Dickie Goodman singles chronology
| "The Constitution" (1973) | "Energy Crisis '74" (1974) | "Screwy T.V." (1974) |

= Energy Crisis '74 =

Energy Crisis '74 is a novelty single by Dickie Goodman released on Rainy Wednesday Records in 1974.

==Concept==

The record is a satire of the 1973 energy crisis in the United States, and was moderately successful; it peaked at #33 on the Billboard Hot 100 and became the first Top 40 hit for Goodman as a solo artist (Goodman's other records throughout the 1960s had mostly fallen just short of the top 40 and his 1950s works were all collaborations).

The record is structured as a series of interviews with various public and political figures of the day with regard to the energy crisis. Questions were asked by an interviewer (Goodman), and their "responses" were snippets of various hit records of the day. The record ends with Goodman saying, "we have just run out of en-er-gyyyyy" as his speech slows to a halt, as if the turntable playing the record had just been shut off.

=="The Mistake"==

The intended B-side of the record was an instrumental by guitarist John White called "Ruthie's Theme", named for a friend's daughter and credited only to "P.D." (Goodman often placed such throwaways on the backs of his 45s, and in fact had already used "Ruthie's Theme" on the B-side of his version of "The Purple People Eater", released the previous year.) However, the record plant sent Goodman a number of discs that had only a few seconds of "Energy Crisis '74" ("Mr. President, the cri--"), followed by two minutes of silence. Rather than throw them away or demand a refund, Goodman gave the botched recording the name "The Mistake" and had the plant cut the proper version of "Energy Crisis '74" onto the other side, making "The Mistake" perhaps the most unlikely B-side ever to grace a hit record. (Later pressings correctly featured "Ruthie's Theme" on the flip.) White had previously included "Ruthie's Theme" under the name "City" on his own eponymous album in 1971.
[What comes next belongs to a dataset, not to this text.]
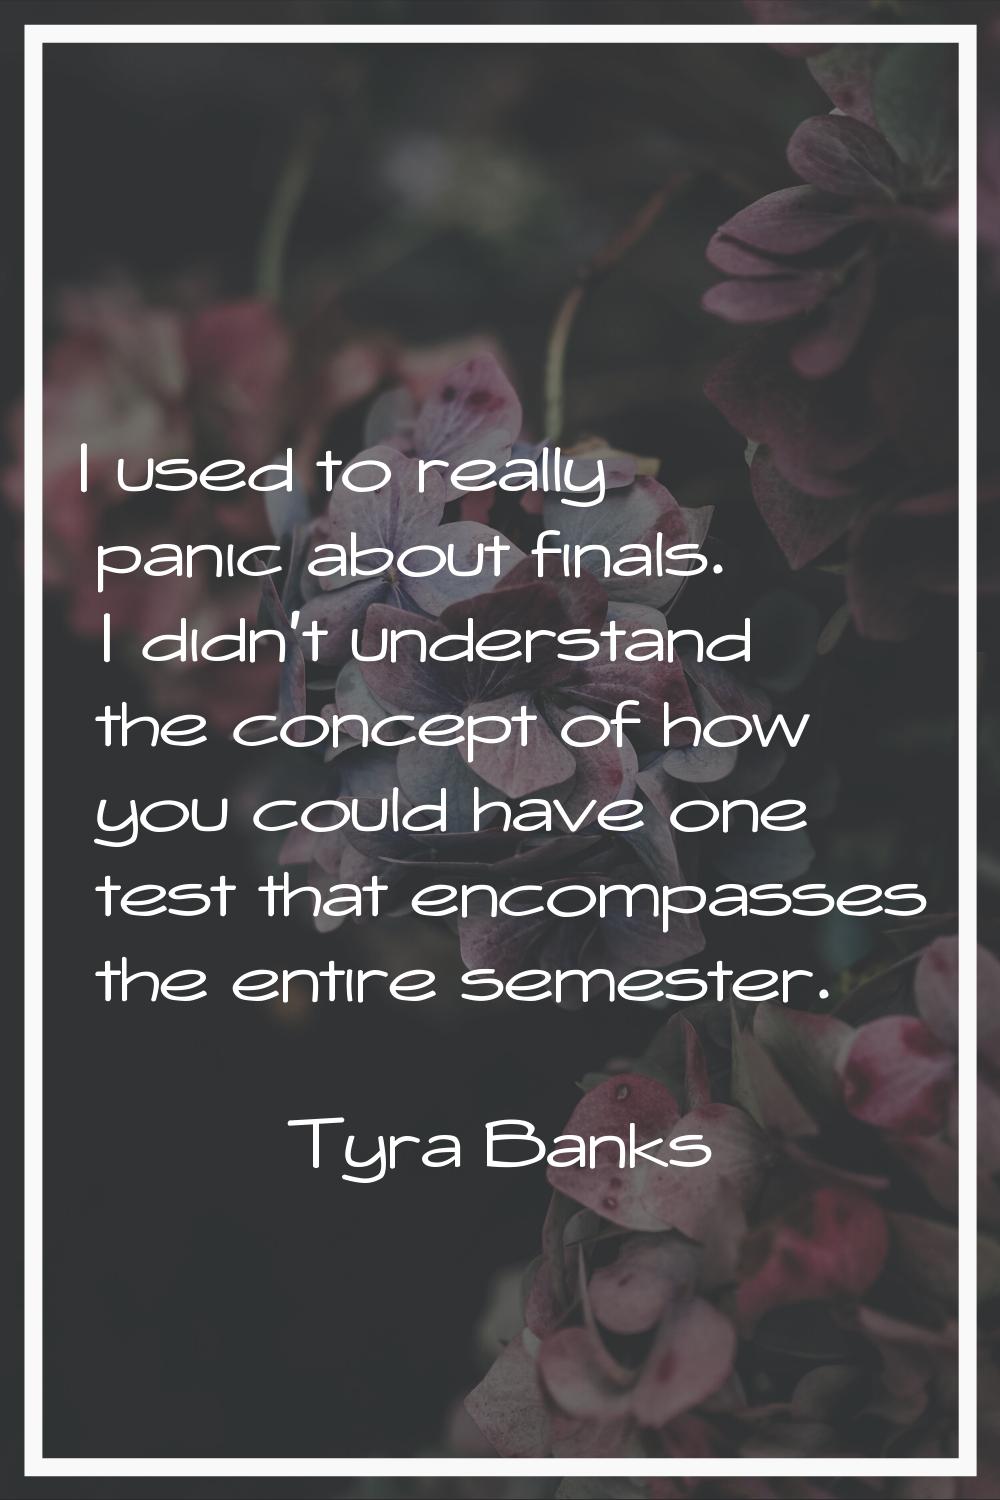 I used to really panic about finals. I didn't understand the concept of how you could have one test

Goodman would return to this topic with "Energy Crisis '79" five years later, but it was not a hit.

Portions of Goodman's dialogue would later be used on his son Jon Goodman's recording "Economy Crisis" in 2008.

==Songs==
Many big hits of the day (including from three of the four ex-Beatles) were sampled on the record:

- "Leave Me Alone (Ruby Red Dress)" by Helen Reddy
- "Smokin' in the Boys Room" by Brownsville Station
- "Living for the City" by Stevie Wonder
- "Helen Wheels" by Paul McCartney and Wings
- "Mind Games" by John Lennon
- "The Joker" by Steve Miller Band
- "Goodbye Yellow Brick Road" by Elton John
- "Hello It's Me" by Todd Rundgren
- "You're Sixteen" by Ringo Starr
- "The Most Beautiful Girl" by Charlie Rich
- "Top of the World" by The Carpenters

Presumably for music rights reasons, "Energy Crisis '74" was heavily edited on Goodman's "Greatest Fables" compilation, released in 1997. Fake re-recorded snippets were used for all but two of the above tracks (except "Smokin' in the Boys Room" and "Living for the City"), with the segments for "Goodbye Yellow Brick Road" and "Top of the World" completely removed.